Shortly after the publication of our Physics Letters A⁵ paper on the role of Ampere forces in nuclear fusion, Chappell Brown⁹ reviewed our speculations in 1992. He solicited the opinions of two prominent fusion researchers. One was Professor Haines of Imperial College, London, and the other was Anthony Robson of the Naval Research Laboratory, Washington, D.C. Both were responsible for experimental investigations of fusion reactions produced by current pulses through about 10 cm-long pieces of what Brown called frozen deuterium wires. We argued, as Lochte-Holtgreven⁷ did, that what explodes ordinary copper wires into many short pieces¹⁰ also produces the deuteron collisions.

Haines and Robson admitted that their deuterium wires broke up into short pieces and the neutrons could not have been the result of thermonuclear reactions. They estimated that the temperature might have been of the order of one million degrees whereas hot fusion requires at least 100 million degrees.

1. Chubb, S. 1999. Infinite Energy, 4, 24, p. 7.
2. Anderson, O.A., Baker, W.R., Colgate, S.A., Ise, J. Jr., and Pyle, R.V. 1958. "Neutron Production in Linear Deuterium Pinches," Physical Review, 110, p. 1375.
3. Bishop, A.S. 1958. Project Sherwood: The U.S. Program in Controlled Fusion, Reading, MA: Addison-Wesley.
4. Bromberg, J.L. 1982. Fusion: Science, Politics and the Invention of a New Energy Source, Cambridge, MA: MIT Press.
5. Graneau, P. and Graneau, N. 1992. "The Role of Ampere Forces in Nuclear Fusion," Physics Letters A, 165, p. 1.
6. Haines, R.M. 1981. "Dense Plasma in Z-pinches and the Plasma Focus," Philosophical Transactions of the Royal Society of London, 300, p. 649.
7. Lochte-Holtgreven, W. 1976. "Nuclear Fusion in Very Dense Plasmas Obtained from Electrically Exploded Liquid Threads," Atomkernenergie (ATKE), 28, p. 150.

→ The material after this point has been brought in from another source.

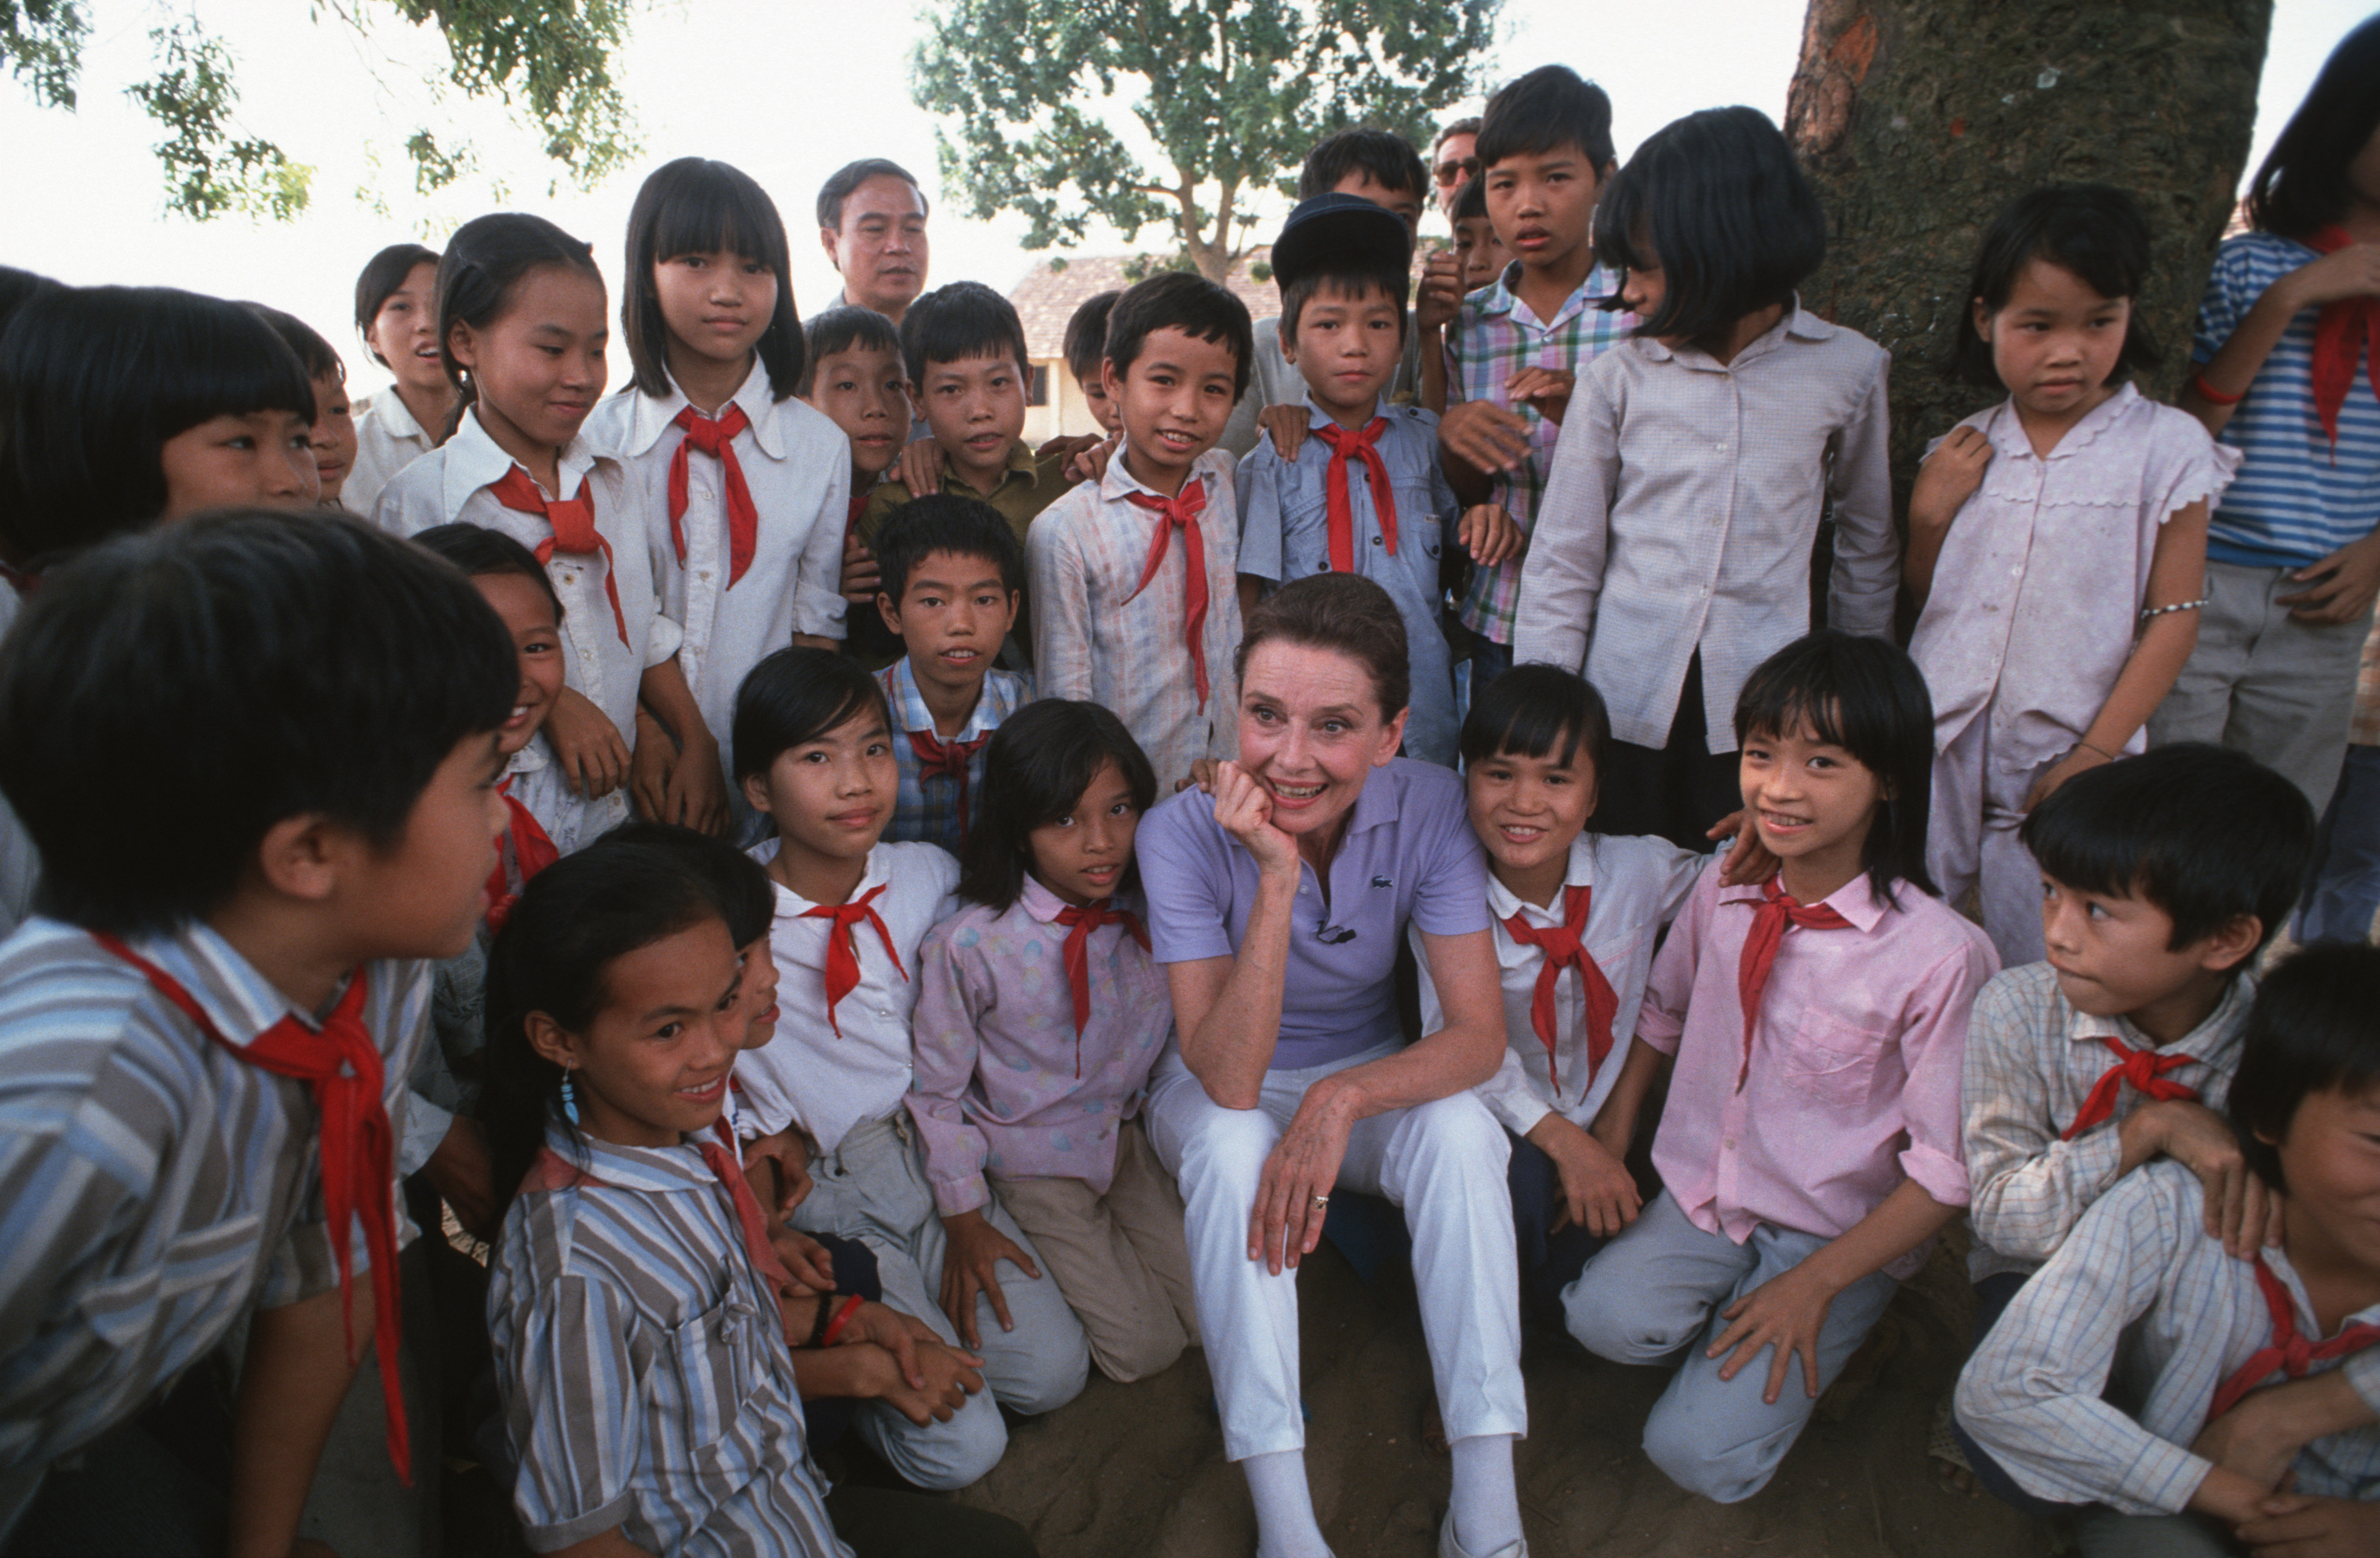 Audrey Hepburn takes time to get to know some schoolchildren in uniform in a small village close to Hanoi on October 1, 1990 | Source: Getty Images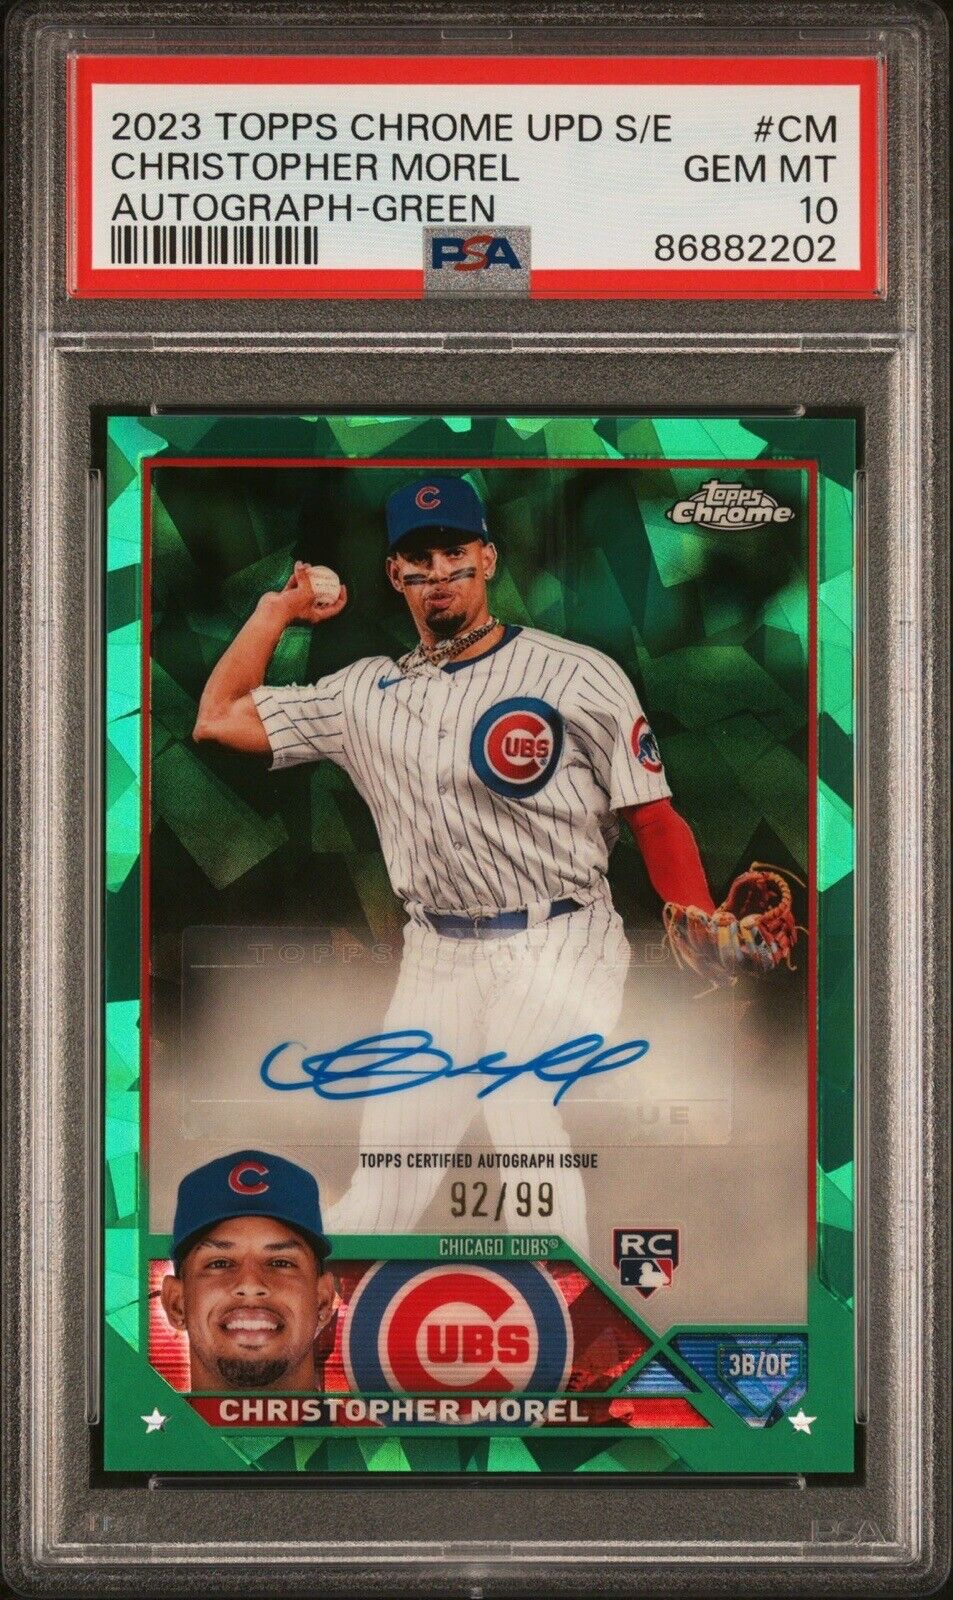 2023 Topps Chrome Update Sapphire Christopher Morel Rookie Green Auto /99 PSA 10

8. Sethian, J.D., Robson, A.E., Gerber, K.A., and DeSilva, A.W. 1987. "Enhanced Stability and Neutron Production in a Dense Z-pinch Plasma Formed from a Frozen Deuterium Fiber," Physical Review Letters, 59, p. 892.
9. Brown, C. 1992. "Fusion Trials Challenge EM Theory," Electronic Engineering Times, April 6.
10. Graneau, P. and Graneau, N. 1996. Newtonian Electrodynamics, New Jersey: World Scientific.